Ⅰ 放射性同位元素等の使用、販売および廃棄事業所の状況

1. 使用事業所
 許可または届出による使用事業所数は第1表に示すとおり、昭和43年3月31日現在で、許可1,160、届出380、合計1,540に達し、前年に比して、許可では121件の増加、届出では6件の減少となっている。

 届出事業所数は、新規届出が44件、廃止が32件、届出事業所から許可事業所の区分へ移ったものが18件あって、結局6事業所の減少となった。

 機関別の事業所数は第2表および第1図に示すとおり、医療機関531、教育機関145、研究機関304、民間企業526、その他34であって、その構成比(%)は医療機関34.5、教育機関9.4、研究機関19.7、民間企業34.2、その他2.2である。

 機関別の事業所数の伸びは民間企業が特に顕著で、次いで医療機関で、両者ともその利用は応用・実用の分野であって、研究機関および教育機関の成果が、この方面に現われてきたと見ることができよう。

(注)使用事業所の機関別分類
医療機関:医療法に基づく病院および診療所(国立、公立、私立の病院および診療所ならびに大学の付属病院)
教育機関:学校教育法に基く学校(国立、公立、私立の学校であって、大学の付属病院、自衛隊の学校等は含まれていない)
研究機関:国立、公立、私立の研究所および試験所ならびに教育機関または民間会社の付置研究所、試験所、研究施設。
民間企業:民間の工場および事業所。
その他:前記のいずれにも属さないもの。

2.販売所および廃棄事業所
 昭和43年3月31日現在における、許可を受けている販売事業所数は45、廃棄事業所数は5である。

 販売所を地域別にみると、東京33、京都府、兵庫県各3、大阪府2、茨城県、群馬県、神奈川県、愛知県各1となっている。

第1表 使用事業所数の推移


第2表 都道府県別機関別使用事業所数


第1図 使用事業所の推移

第3表 販売所数、廃棄事業所数の推移
Ⅱ 今後の利用の見通し

 放射性同位元素等の利用は、今後もさらに増大していくと予想されるが、今後の利用の拡大は、放射線事業所の数でのいちぢるしい増加という形よりも、むしろ同一事業所内における核種および数量の増加という形をとる傾向となるものと考えられ、この傾向はすでに現われてきている。

 今後の事業所数を推計すると、5年後の昭和47年には、2,000程度となることが予測され、事業所数の延びは次第に鈍化するであろう。

 しかしながら1事業所当りの核種、数量等は増大し利用方法も次第に多角化、複雑化していくものと思われる。

 機関別事業所数では民間企業、医療機関が特に増加すると予想され、民間企業では厚み計、液面計、水分計、医療機関では放射線発生装置の増加が引き続き大きいと予想される。

Ⅲ 放射線取扱主任者

 放射線取扱主任者試験の合格者の累計は逐年増大して来ているが、放射線取扱主任者の有資格者は、ある事業所に偏在する傾向があるため、その数は十分とはいえない。

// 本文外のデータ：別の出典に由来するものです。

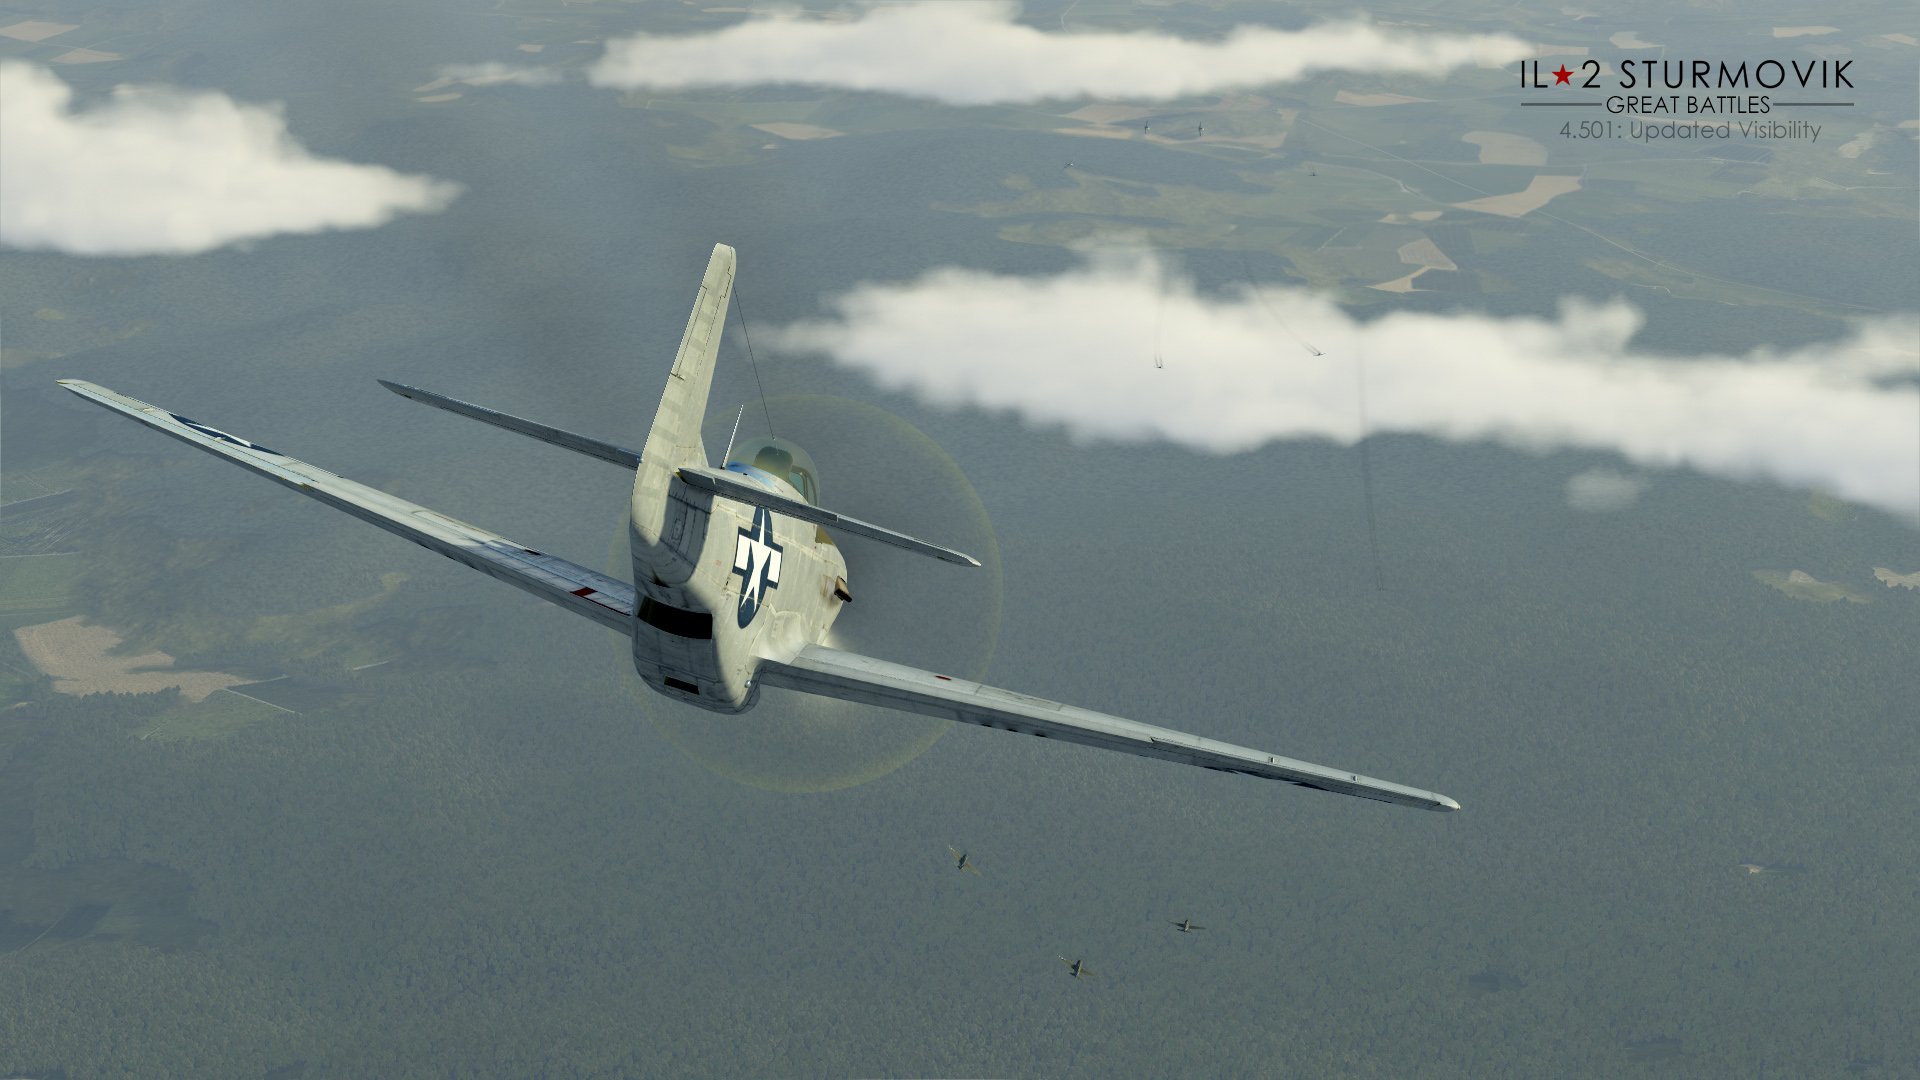 IL-2 Great Battles: Patch 4.501 pour une nouvelle visibilité des contacts !

 医師、歯科医師が診療のために放射性同位元素等を用いるとき、および薬剤師が医薬品、医療器具等の製造所において使用するときは、それぞれ医師、歯科医師および薬剤師を放射線取扱主任者に選任することができるので、医療機関、医薬品製造所等においては、放射線取扱主任者の有資格者の不足という問題は皆無である。

 一方、それ以外の機関では、放射線取扱主任者試験に合格したものでなければ有資格者となり得なく、それらの者は大企業、大研究所に集中している傾向があり、小企業、小研究所等では、放射線利用の希望があっても有資格者がいないため、放射線を利用できないという場合がしばしばみられる。

 しかし、この問題も年とともに改善されて来ている。

 なお放射線取扱者試験合格者数および合格率を年度別にあげると第4表に示すとおりである。
第4表 放射線取扱主任者試験合格率一覧
(1)第1種試験

(2)第2種試験
Ⅳ 立入検査

 放射線障害防止法第43条の規定により科学技術庁に放射線検査官をおき、同法または同法に基づく命令の実施のため使用者の事務所、使用施設、貯蔵施設等に立入検査を実施している。

 昭和42年度末の事業所数は、1,590か所であるのに対して、立入検査を行なった事業所は362か所であって全体の22.8%に対して立入検査を行なったことになる。

 昭和42年度の検査方針は、前年度の検査結果を考慮して、管理面、施設面ともに問題の多い医療機関と教育機関に重点をおくとともに、新規許可および新規届出受理事業所(未検査事業所)および前回の立入検査で指摘を受けた事業所のうち、再検査の必要性の高い事業所を優先して立入検査を実施した。

 その結果は第5表の通りである。

 立入検査事業所数362に対して検査官が指摘した事業所は187で、比率で示せば52%になる。

 機関別では、医療機関は147事業所中69%にあたる102事業所が指摘を受け、以下教育機関は34のうち59%の20が、研究機関は69のうち49%の34が、民間企業は105のうち27%の28が、その他の機関は7のうち28%の2が夫々指摘を受けた。

 検査官が指摘した事項を件数の多い順に並べると、①場所の線量率等の測定 ②被ばく線量の測定 ③許可、届出なしでの使用と所持 ④健康診断⑤記帳義務 ⑥使用施設 ⑦主任者未選任 ⑧貯蔵施設 ⑨予防規定 ⑩使用の基準の順となっている。(第5表)

 次に機関別にみた立入検査結果の概要は次のとおりである。
(1)医療機関
 放射線照射装置および放射線発生装置を使用している事業所での施設面は、概して良好であるが、226Ra、60Co等の小線源の放射線照射器具を使用している事業所での施設面は、近年改善されつつあるも未だ改善を必要とするものが多い。

 医療機関に共通して云えることは管理面、すなわち場所の線量率の測定、被ばく線量の測定、健康診断等が十分でない事業所が多く、また、必要な手続を怠っている事業所が多くみられる。

(2)教育機関
 放射線施設および放射線管理がいずれも不十分なものが多く、場所の線量の測定、被ばく線皐測定、健康診断等が特に不十分である。

(3)研究機関
 研究機関では、民間のものは比較的問題は少なく、大学附置研究所では教育機関と類似した問題が認められる。

(4)民間機関
 放射線施設および放射線管理とも概して良好である。

 特にRI工業計測器を使用している場合には、ほとんど問題は認められない。

 今後とも、立入検査により放射線施設および放射線管理等に好ましくない点が認められた事業所に対しては、問題点を指摘し、強力にその改善をうながす必要がある。